While McIntyre’s readings in climatology broadened, he also began discussing the IPCC’s claims of unprecedented warmth with friends and acquaintances. His contacts in the mining industry were particularly interesting on the subject. Familiar as they were with the long-term history of the Earth, many of the geologists McIntyre spoke to had strong opinions on claims that recent temperatures were unprecedented and most were highly sceptical of the idea. When it came to the Hockey Stick itself, mining people –geologists, lawyers and accountants –were openly contemptuous. Hockey sticks were a well known phenomenon in the business world, and McIntyre’s contacts had seen far too many dubious mining promotions and dotcom revenue projections to take such a thing seriously. The contrasting reactions to the Hockey Stick of politicians and business people –on the one hand doom-laded predictions of catastrophe and on the other open ridicule –acted as a spur to McIntyre, who flung himself headlong into the world of climatology.

[Two things here: First, geologists and geochemists, as a group tend to automatically be skeptical of climate science because they are not typically trained in the disciplines needed to fully understand climate modeling, and they are typically employed by an industry that sees signs of environmental problems as a threat to their profession. This is especially true of those geologists employed by the fossil fuel industry, which stands to lose a lot of revenue if politicians decide we must respond to climate change by reducing carbon emissions. Secondly, to question the hockey stick just because it resembles something you have seen in a business presentation in a boardroom seems like a poor reason to question the validity of the data supporting its construction. Of course, this is just what led him to approach Mann’s work with skepticism, not his stated reason for rejecting Mann’s work later, but it does suggest an interesting, non-scientifically based bias.]

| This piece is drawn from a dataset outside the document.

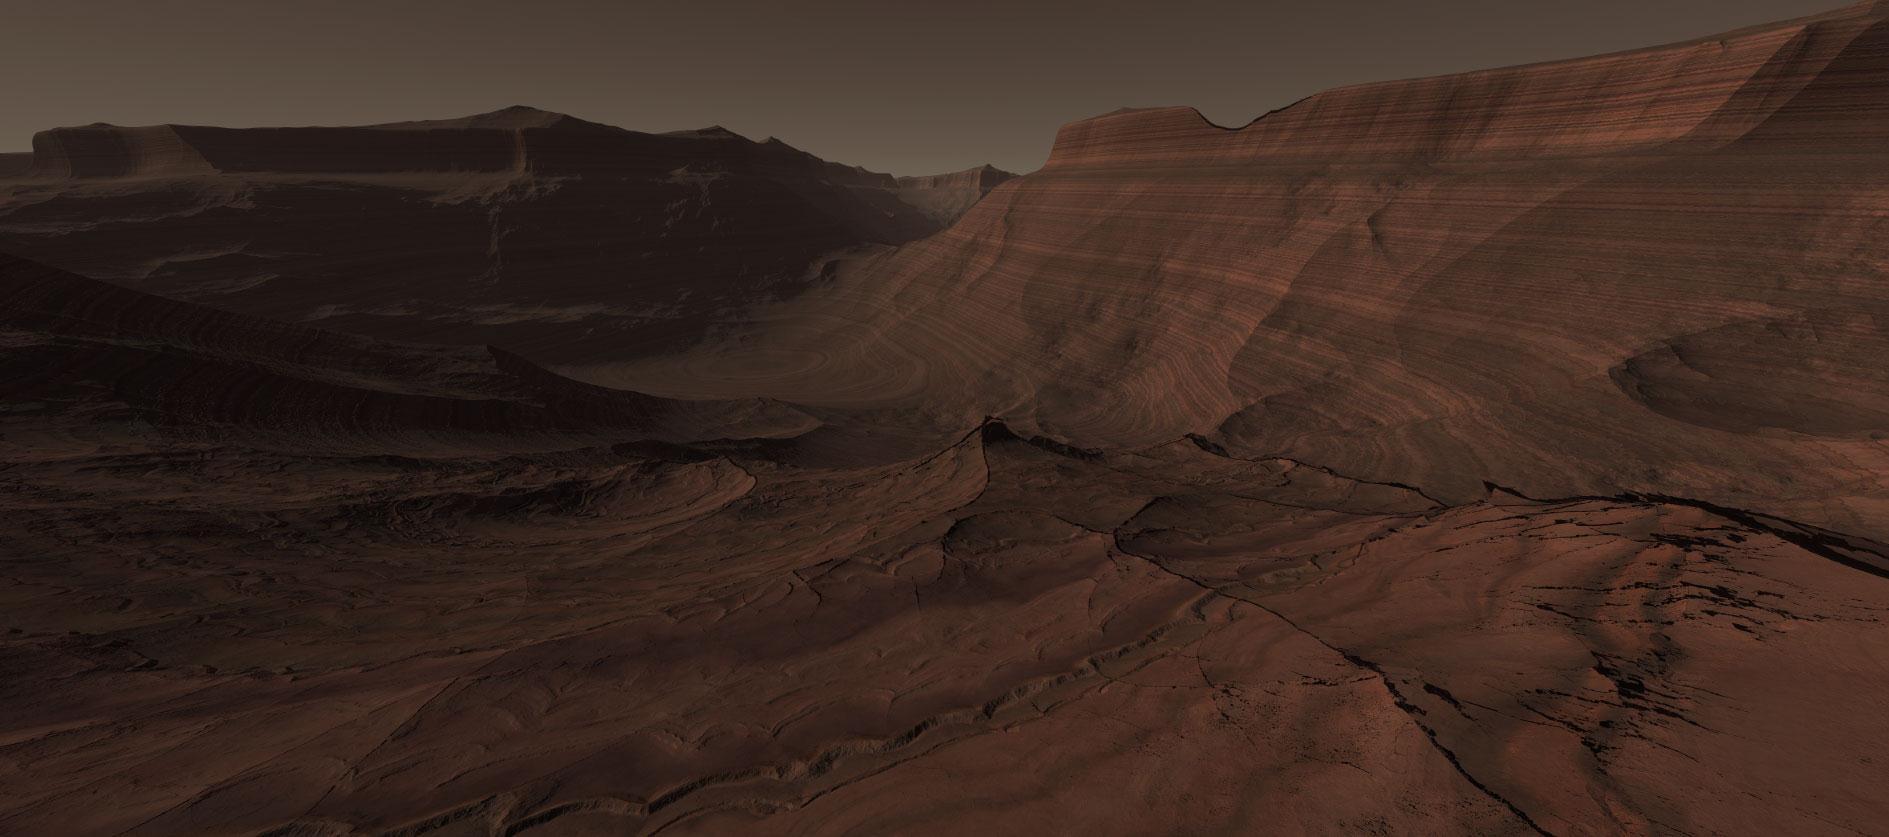 Viking Invasion of Mars Thwarted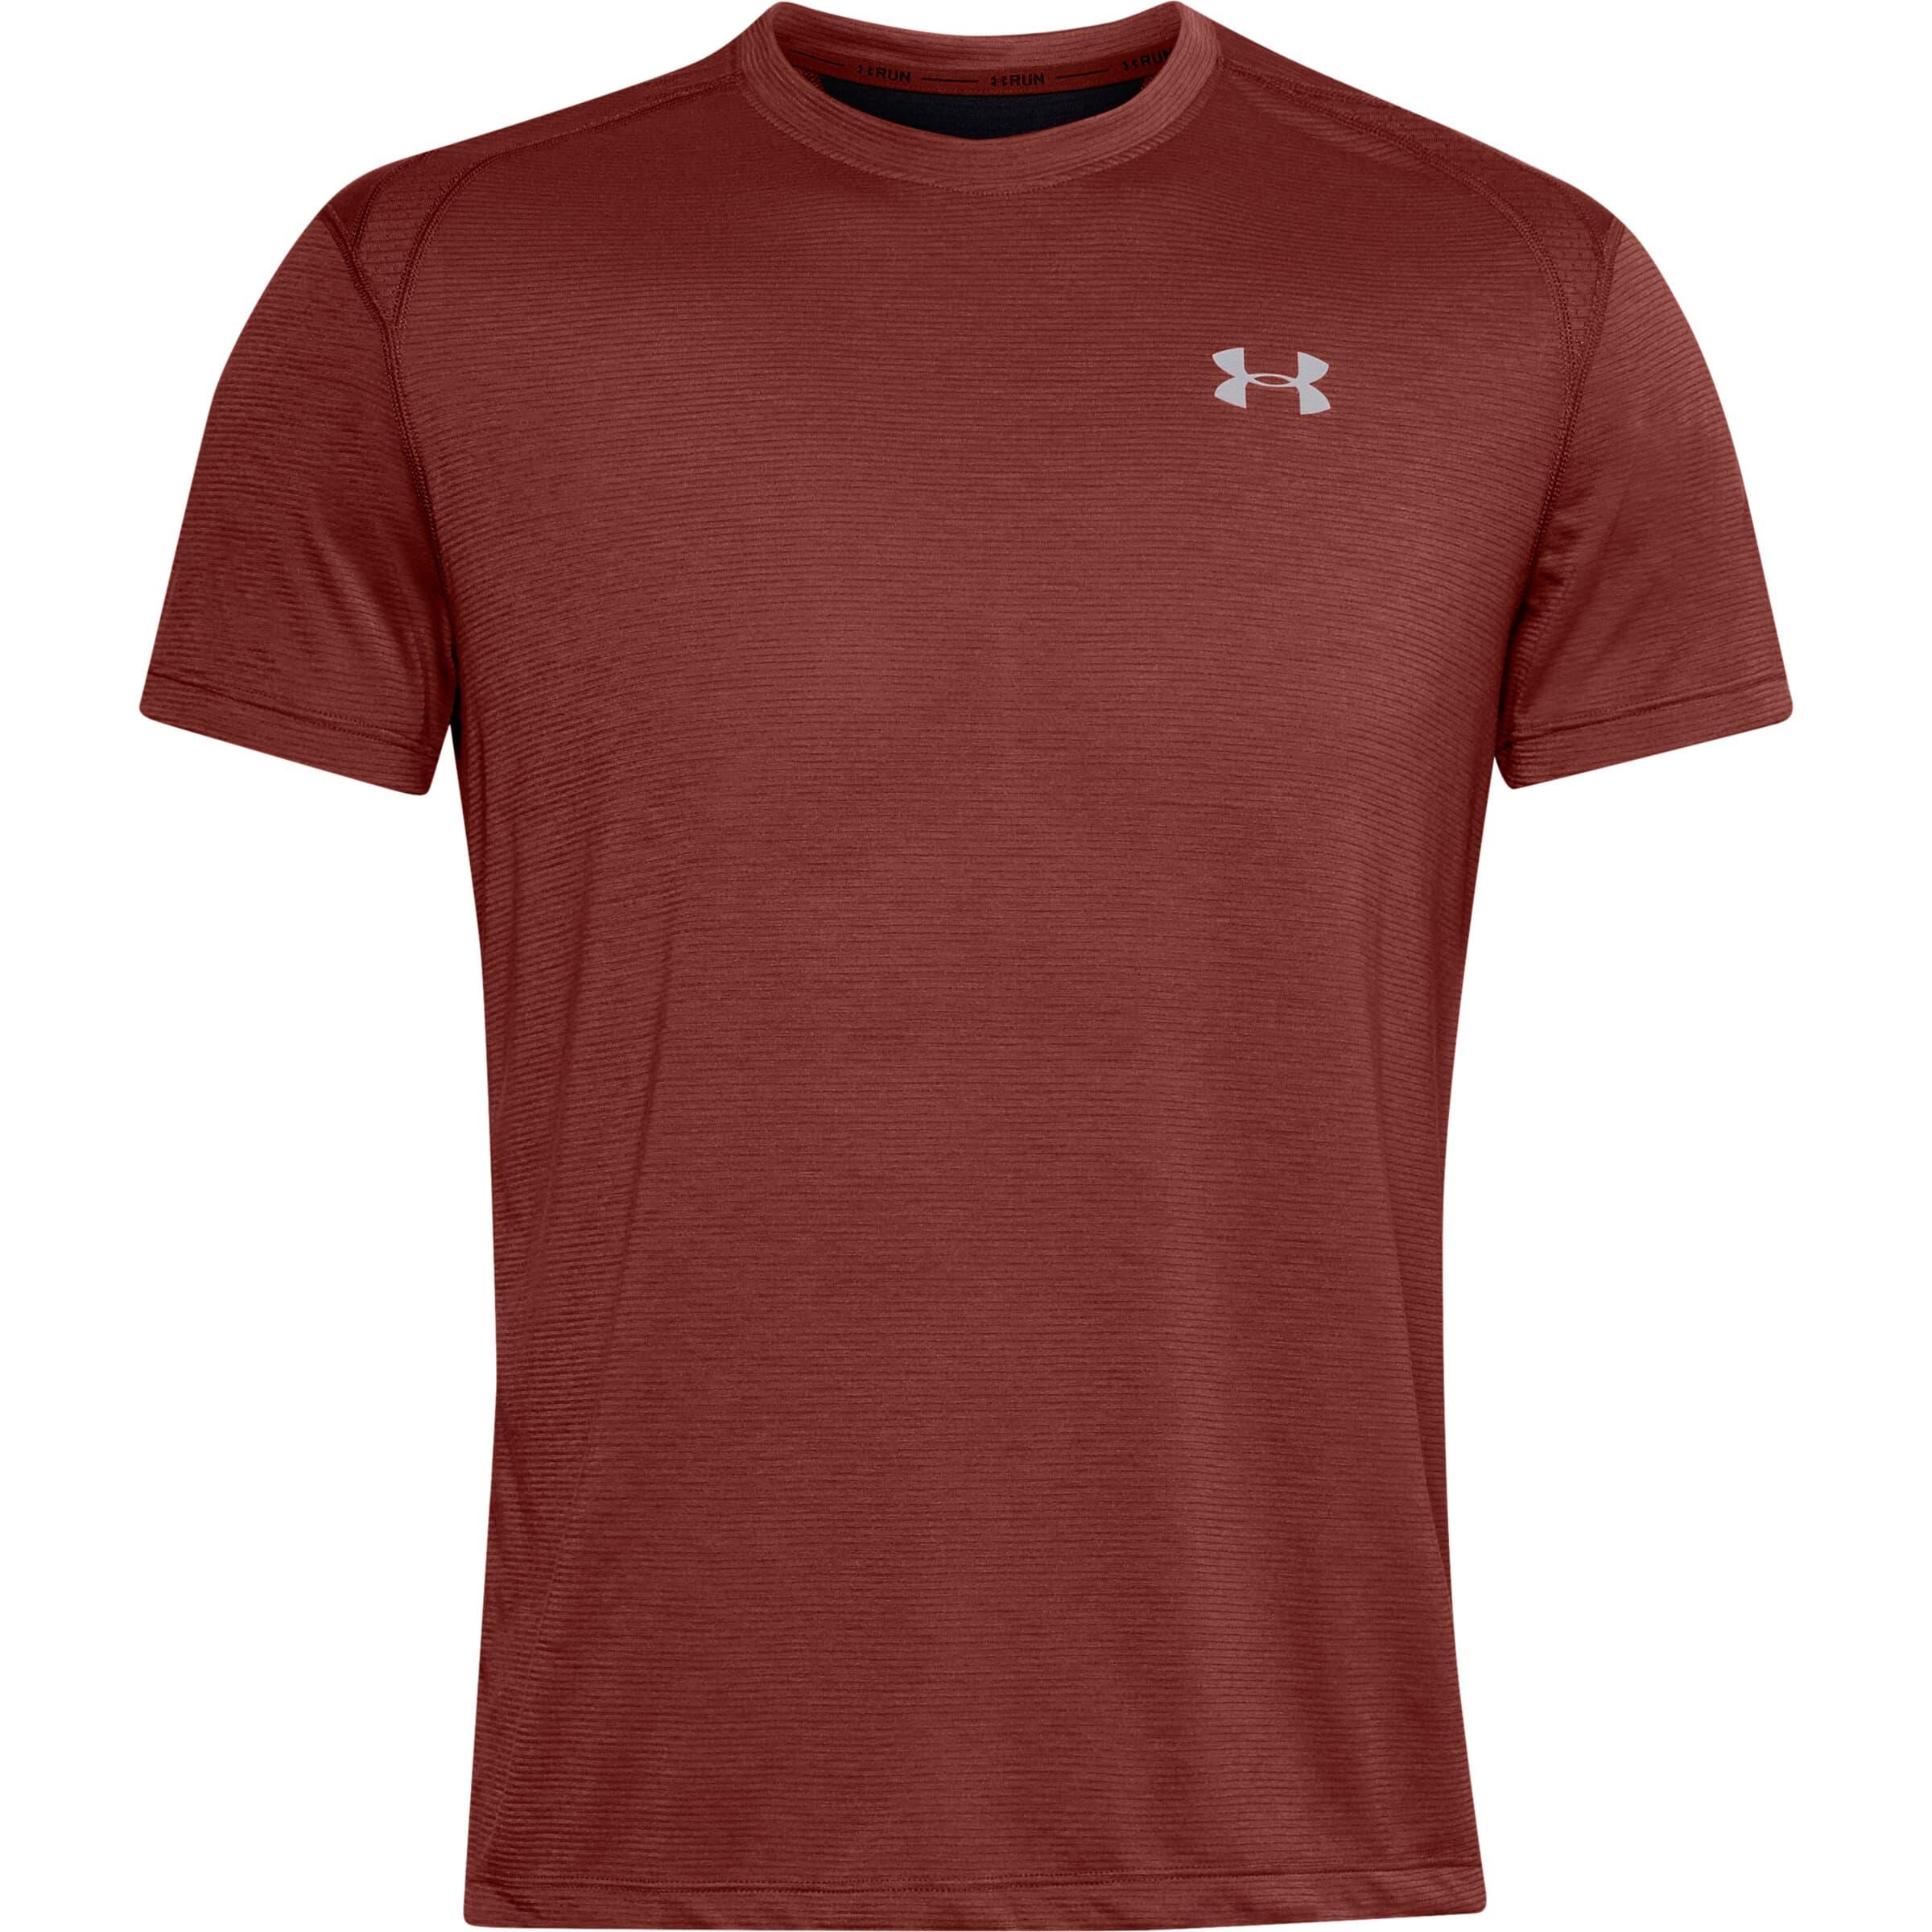 Under Armour Streaker 2.0 Shortstyle Shirt pour homme

Within a matter of days of his announcement, McIntyre was posting findings to the Climate Skeptics forum. He had now worked through Mann’s explanation of his methodology and he had soldiered his way through the matrix algebra. It was still very strange. The use of PC analysis was new in the realm of paleoclimate and Mann had made no attempt to prove the validity of the technique in the field, instead relying on a bold assertion that it was better than the alternatives. In view of this and given the surprising results–with no Medieval Warm Period or Little Ice Age visible in the reconstruction–one might have expected that experts in the field would have questioned whether Mann’s novel procedures might have been a factor in his anomalous results. But despite a thorough search of the literature, there was no sign that anyone else had seen fit to probe the issue further. Nor had any other researchers adopted Mann’s methodology in the five years since his paper had been published. Given how often the Hockey Stick had been cited in the scientific literature, these were very surprising observations, which seemed to suggest that paleoclimatologists liked Mann’s results rather more than they liked his methodology.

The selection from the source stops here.